"""

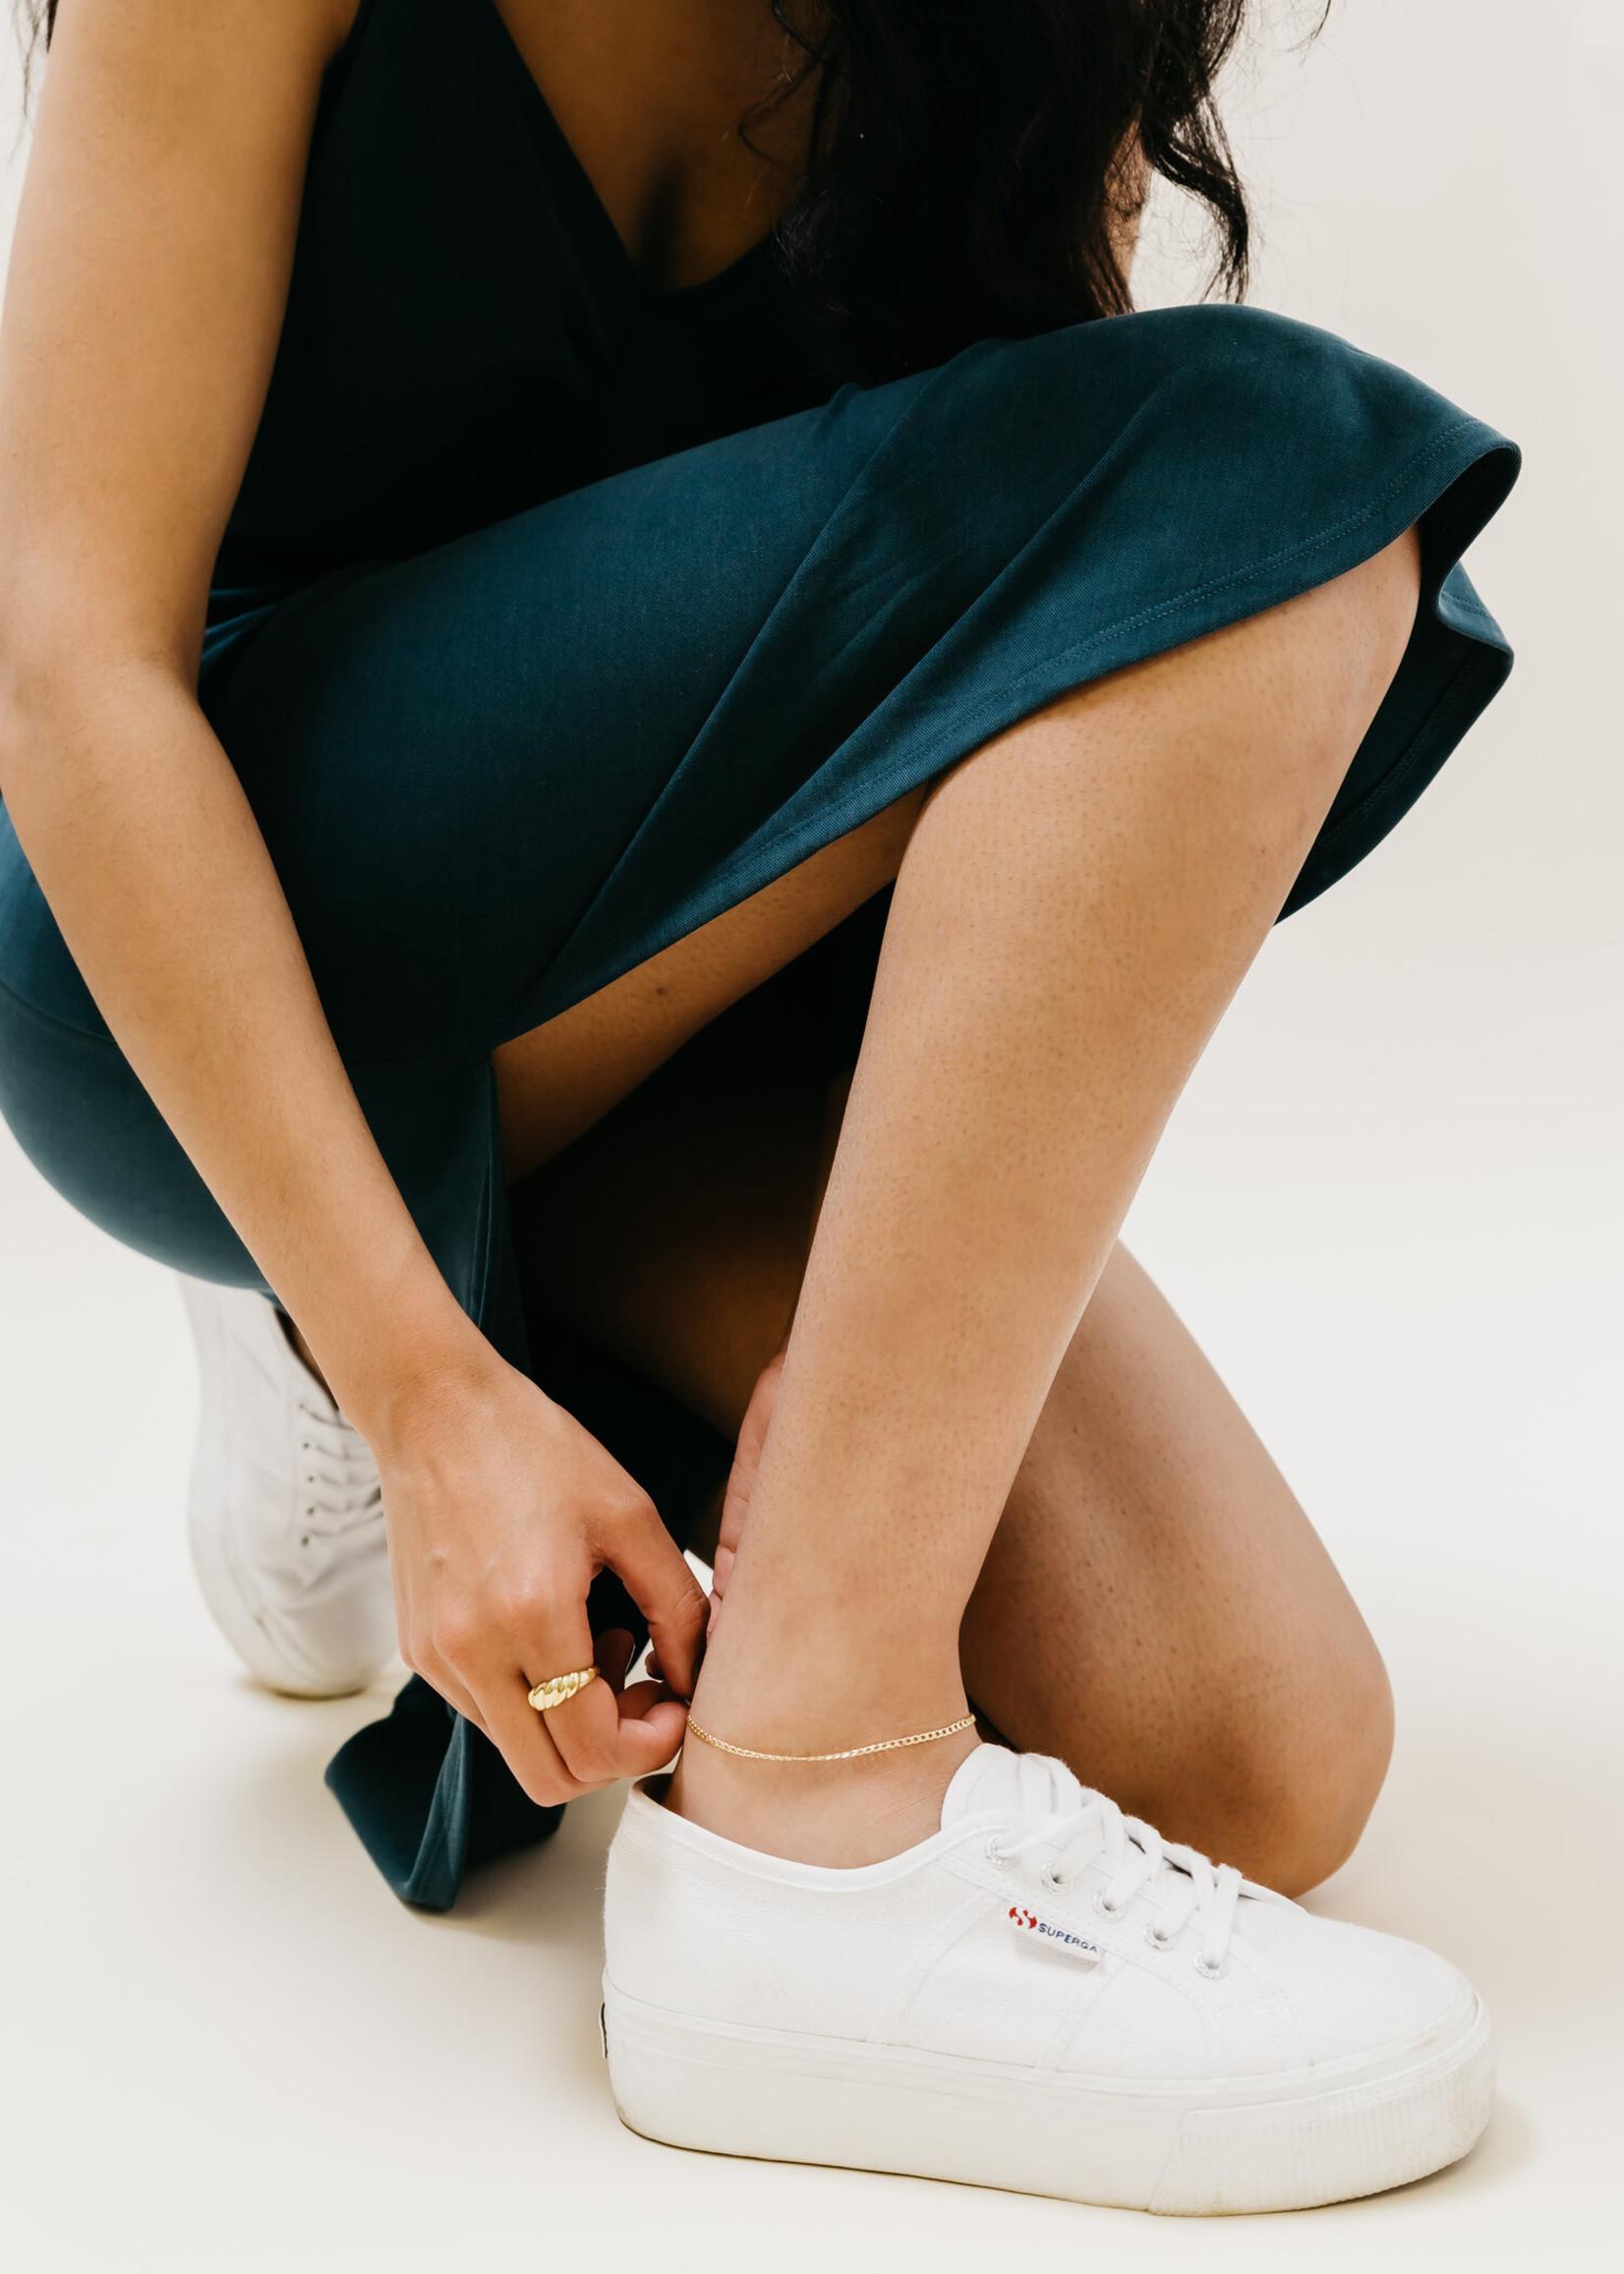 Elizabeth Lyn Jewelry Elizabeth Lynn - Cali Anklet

"""
"""

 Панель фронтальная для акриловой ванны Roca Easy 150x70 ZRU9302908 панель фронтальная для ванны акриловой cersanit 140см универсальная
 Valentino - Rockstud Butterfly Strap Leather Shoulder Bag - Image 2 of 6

"""

**Problem description:**
Taking the lines above, repeat exactly those from the line that contains "Панель фронтальная для акриловой" through the line that contains "Valentino - Rockstud", and both of those lines as well. Include nothing else.

**Output for this task:**
 Панель фронтальная для акриловой ванны Roca Easy 150x70 ZRU9302908 панель фронтальная для ванны акриловой cersanit 140см универсальная
 Valentino - Rockstud Butterfly Strap Leather Shoulder Bag - Image 2 of 6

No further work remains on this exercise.